Dr. Cliff Click describes inlining as the optimisation performed by modern compilers as it forms the basis for optimisations like constant propagation and dead code elimination. In effect, inlining allows the compiler to see further, allowing it to observe, in the context that a particular function is being called, logic that can be further simplified or eliminated entirely. As inlining can be applied recursively optimisation decisions can be made not only in the context of each individual function, but also applied to the chain of functions in a call path.

Inlining in action

The effects of inlining can be demonstrated with this small example

package main

import "testing"

//go:noinline
func max(a, b int) int {
    if a > b {
        return a
    }
    return b
}

var Result int

func BenchmarkMax(b *testing.B) {
    var r int
    for i := 0; i < b.N; i++ {
        r = max(-1, i)
    }
    Result = r
}

Running this benchmark gives the following result:3

% go test -bench=. 
BenchmarkMax-4   530687617         2.24 ns/op

The cost of max(-1, i) is around 2.24 nanoseconds on my 2015 MacBook Air. Now let’s remove the //go:noinline pragma and see the result:

% go test -bench=. 
BenchmarkMax-4   1000000000         0.514 ns/op

From 2.24 ns to 0.51 ns, or according to benchstat, a 78% improvement.

% benchstat {old,new}.txt
name   old time/op  new time/op  delta
Max-4  2.21ns ± 1%  0.49ns ± 6%  -77.96%  (p=0.000 n=18+19)

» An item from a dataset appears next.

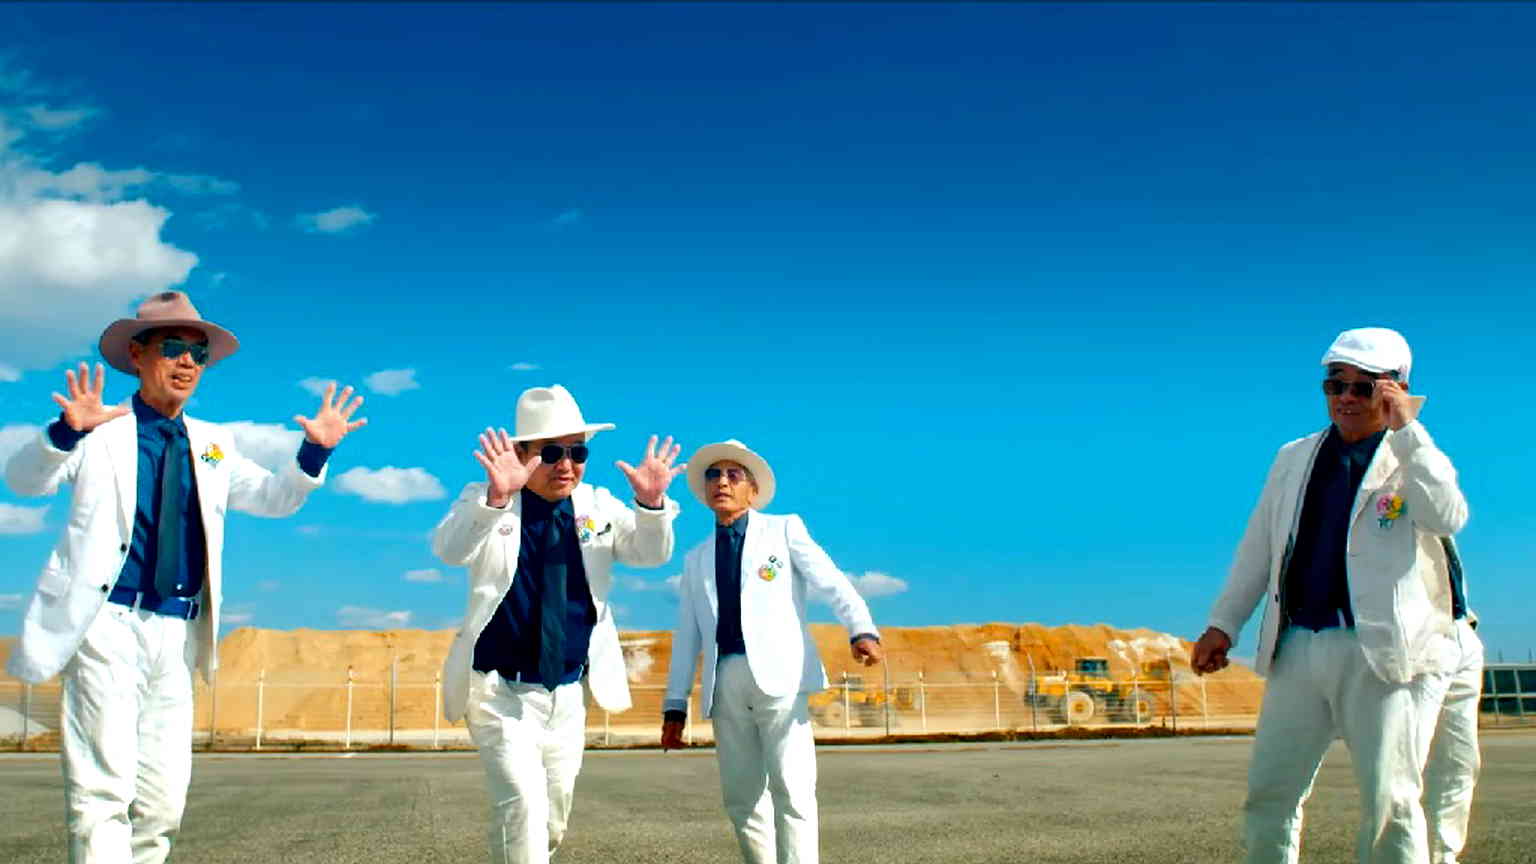 Meet the Japanese pop ‘boy’ band consisting of men all over the age of 65

Where did these improvements come from?

First, the removal of the function call and associated preamble4 was a major contributor. Pulling the contents of max into its caller reduced the number of instructions executed by the processor and eliminated several branches.

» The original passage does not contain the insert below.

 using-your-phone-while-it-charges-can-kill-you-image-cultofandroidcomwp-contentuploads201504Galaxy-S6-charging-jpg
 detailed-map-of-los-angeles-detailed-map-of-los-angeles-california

Now the contents of max are visible to the compiler as it optimises BenchmarkMax it can make some additional improvements. Consider that once max is inlined, this is what the body of BenchmarkMax looks like to the compiler:

func BenchmarkMax(b *testing.B) {
    var r int
    for i := 0; i < b.N; i++ {
        if -1 > i {
            r = -1
        } else {
            r = i
        }
    }
    Result = r
}

Running the benchmark again we see our manually inlined version performs as well as the version inlined by the compiler

% benchstat {old,new}.txt
name   old time/op  new time/op  delta
Max-4  2.21ns ± 1%  0.48ns ± 3%  -78.14%  (p=0.000 n=18+18)

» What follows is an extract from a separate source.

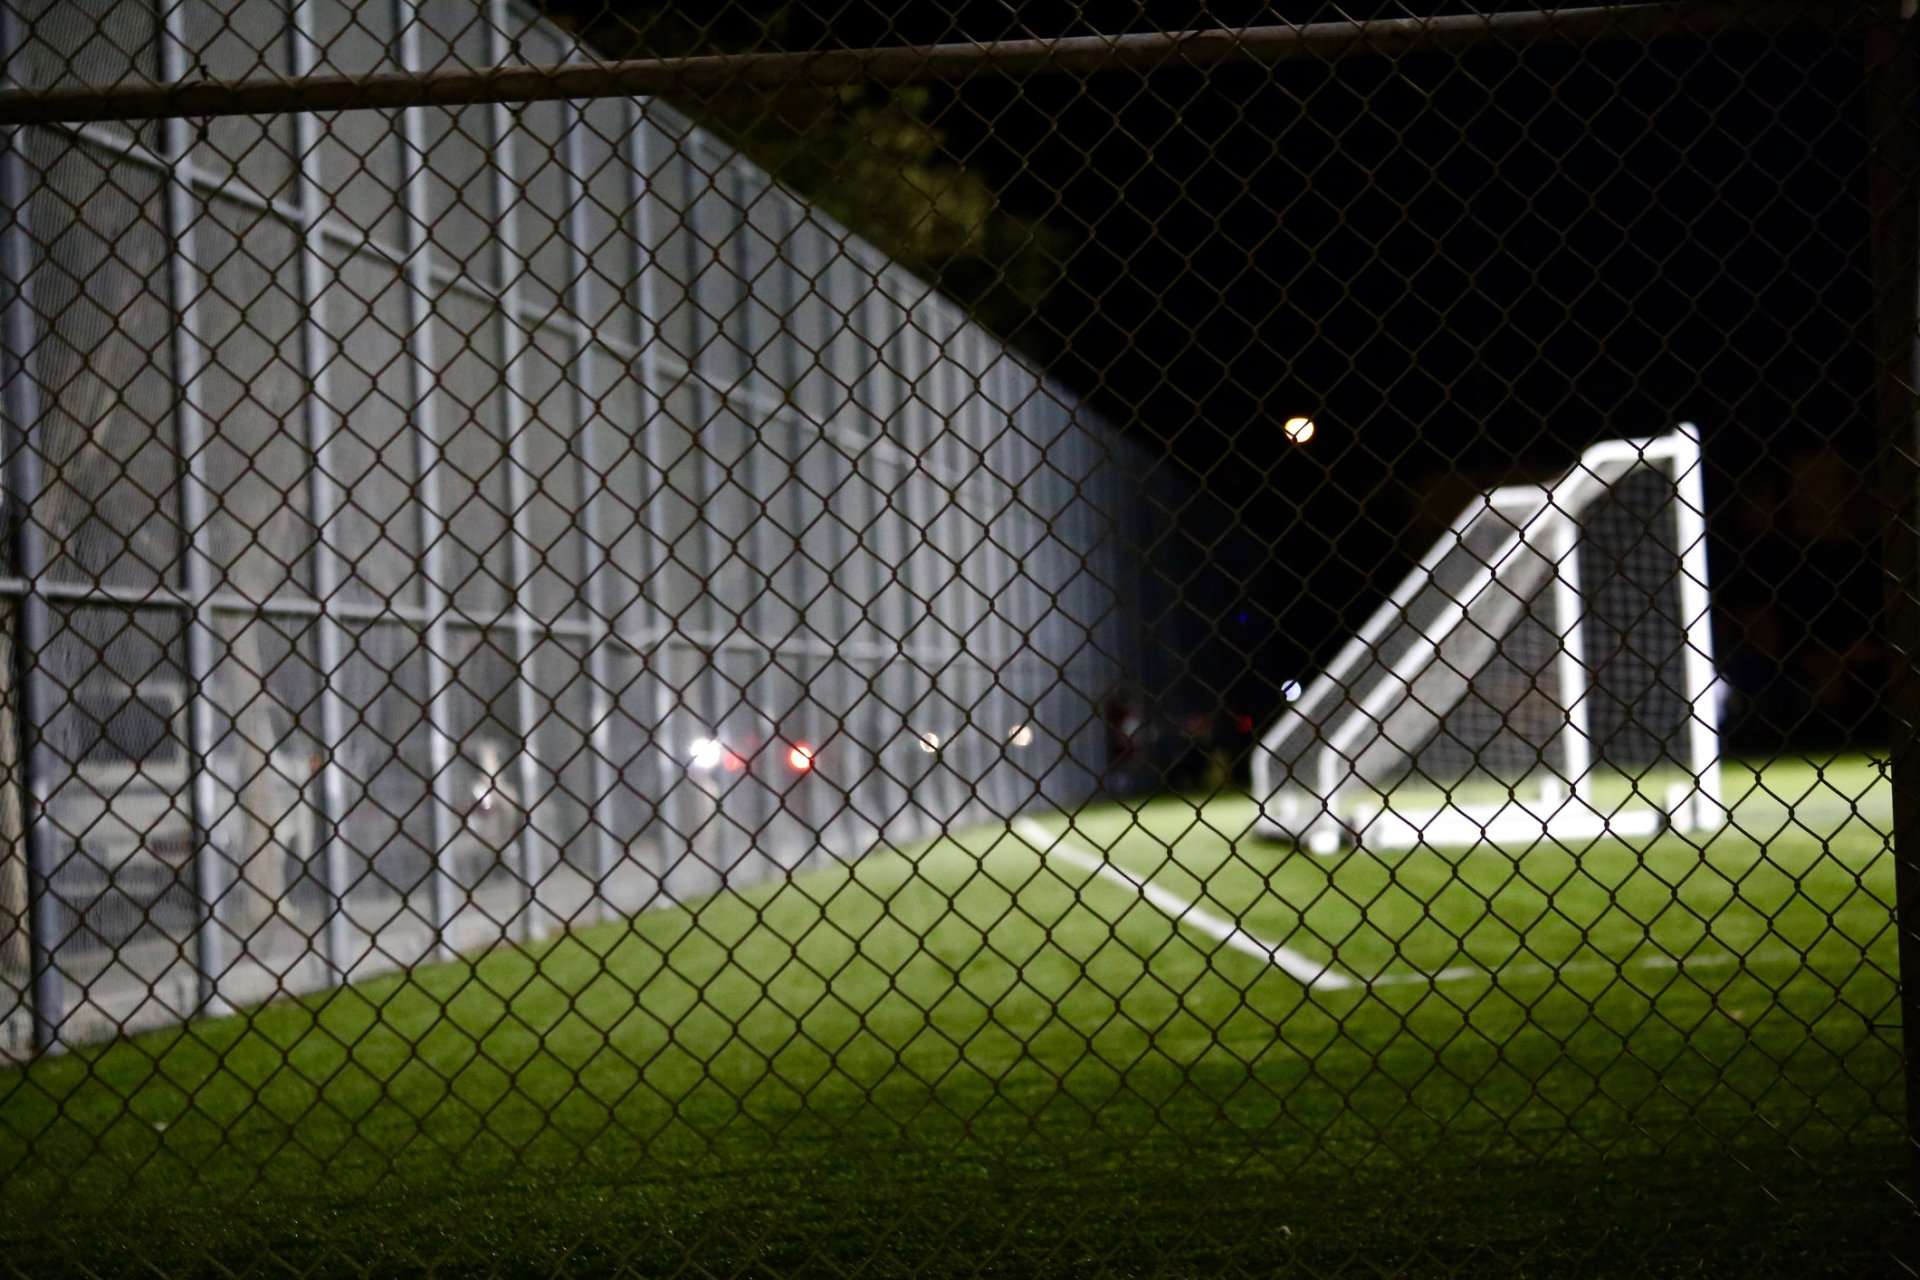 A soccer field with goal posts and lights at night.

Now the compiler has access to the result of inlining max into BenchmarkMax it can apply optimisation passes which were not possible before. For example, the compiler has noted that i is initialised to 0 and only incremented so any comparison with i can assume i will never be negative. Thus, the condition -1 > i will never be true.5

Having proved that -1 > i will never be true, the compiler can simplify the code to

func BenchmarkMax(b *testing.B) {
    var r int
    for i := 0; i < b.N; i++ {
        if false {
            r = -1
        } else {
            r = i
        }
    }
    Result = r
}

and because the branch is now a constant, the compiler can eliminate the unreachable path leaving it with

func BenchmarkMax(b *testing.B) {
    var r int
    for i := 0; i < b.N; i++ {
        r = i
    }
    Result = r
}

Thus, through inlining and the optimisations it unlocks, the compiler has reduced the expression r = max(-1, i) to simply r = i.

The limits of inlining

In this article I’ve discussed, so called, leaf inlining; the act of inlining a function at the bottom of a call stack into its direct caller. Inlining is a recursive process, once a function has been inlined into its caller, the compiler may inline the resulting code into its caller, as so on. For example, this code

func BenchmarkMaxMaxMax(b *testing.B) {
    var r int
    for i := 0; i < b.N; i++ {
        r = max(max(-1, i), max(0, i))
    }
    Result = r
}

runs as fast as the previous example as the compiler is able to repeatedly apply the optimisations outlined above to reduce the code to the same r = i expression.

In the next article I’ll discuss an alternative inlining strategy when the Go compiler wishes to inline a function in the middle of a call stack. Finally I’ll discuss the limits that the compiler is prepared to go to to inline code, and which Go constructs are currently beyond its capability.